Dans l’enseignement supérieur de nombreux sites ont déjà du fermer. L’Ecole Telecom Physique Strasbourg a été fermée lundi après la découverte de cinquante cas positifs parmi les étudiants, quelques jours après la fermeture de Sciences-Po Reims. A Rennes-I quarante-trois cas de covid ont été détectés chez des étudiants en médecine, pharmacie et odontologie. Alors même que la rentrée n’a pas été effectuée partout ce sont déjà une dizaine de clusters à l’université qui auraient été identifiés.

Frédérique Vidal se cantonne pour l’instant à en appeler à la « responsabilité individuelle » des étudiants et à se défausser. Pourtant la responsabilité de chacun n’a rien de mesurable avec celle du gouvernement. Le Covid dévoile au grand jour la casse de l’enseignement supérieur par les gouvernements successifs, entre manque de moyens, de places et de professeurs. Alors que la rentrée n’a pas encore eu lieu partout, les trop nombreuses images de classes surchargées qui favorisent la propagation du virus en raison du manque de personnel et de salles de cours disponibles sont très inquiétantes.

Dans le secondaire la situation est sensiblement similaire. Alors que le protocole a été dévoilé par le cabinet du ministre de l’enseignement supérieur, la veille de la rentrée à minuit, à l’impréparation et à l’amateurisme s’est ajoutée la réalité d’une Ecole aux moyens insuffisants. Ainsi depuis la rentrés les communiqués ou les droits de retrait dénonçant les classes surchargées, l’impossibilité, parfois pour les enseignants de faire se laver les mains aux enfants quand dans un quart des écoles les points d’eau manquent, … se succèdent. Depuis la rentrée 524 classes et 32 établissements entiers ont déjà dû fermer.

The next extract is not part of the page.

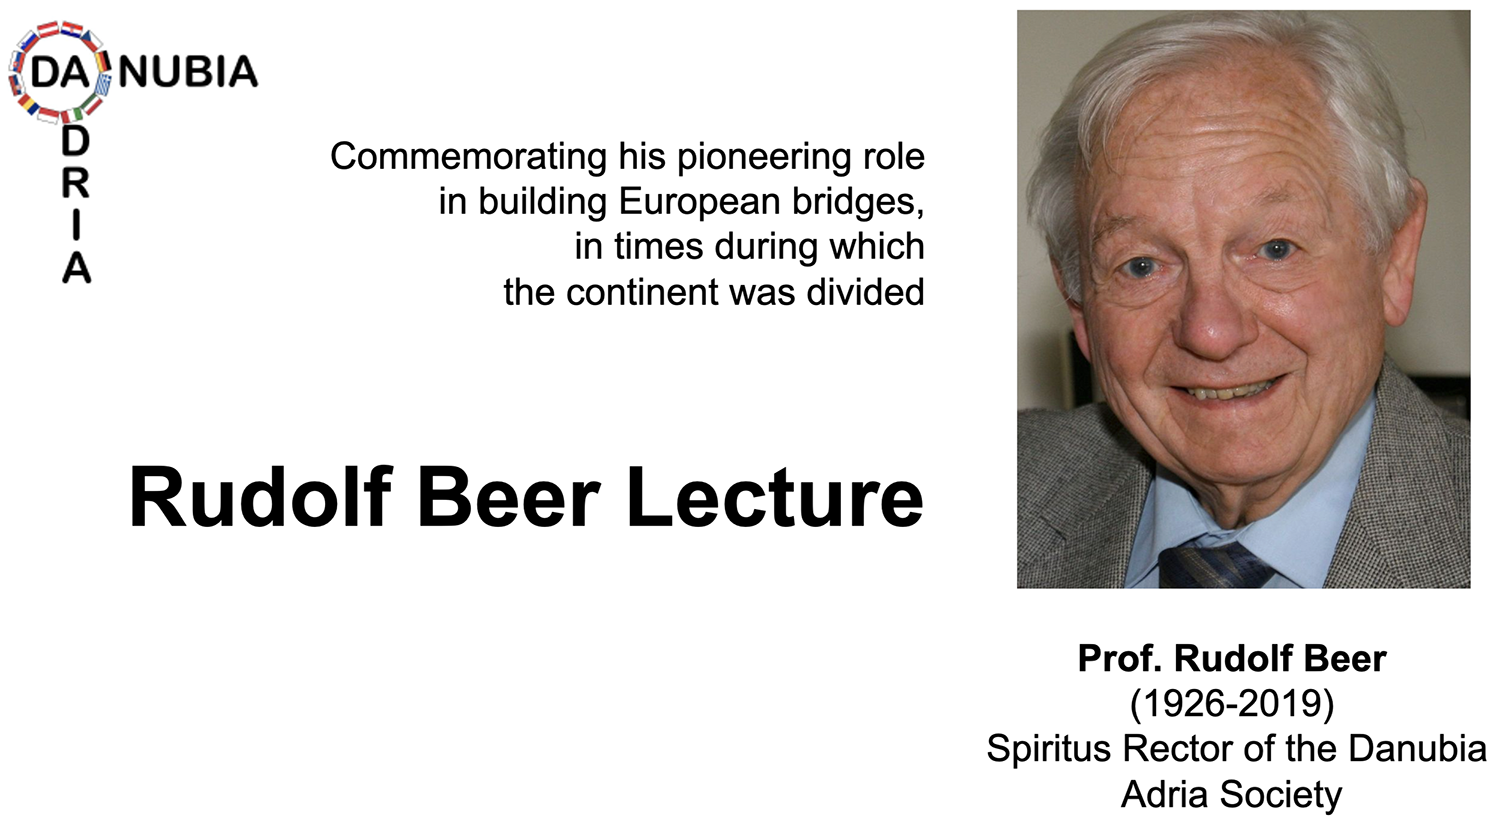 Announcement of Rudolf Beer Lecture

Dans une telle situation, le monde du travail devra se mobiliser non seulement face à la crise, mais aussi pour exiger des moyens sanitaires supplémentaires, des masques gratuits pour toutes et tous, l’augmentation des capacités de tests à l’heure où les laboratoires se disent débordés, et des moyens à la hauteur des besoins dans l’Education nationale et les entreprises. Dans le même temps il s’agira de lutter contre toutes les mesures répressives que le gouvernement met en place sous couvert de lutte contre le Covid-19. Si le confinement et le déconfinement nous ont appris quelque chose c’est que l’obtention de mesures essentielles à la hauteur ne pourra s’obtenir que par les luttes, et que dans les mains du gouvernement, la gestion sanitaire se transformera en attaque contre les travailleurs et nos droits. En ce sens le 17 septembre apparaît comme une date importante pour essayer de commencer à rassembler les différents secteurs combattifs afin d’imposer que les travailleurs et la jeunesse ne soient ni la variable d’ajustement de la crise économique qui vient ni les victimes de la crise sanitaire qui renaît.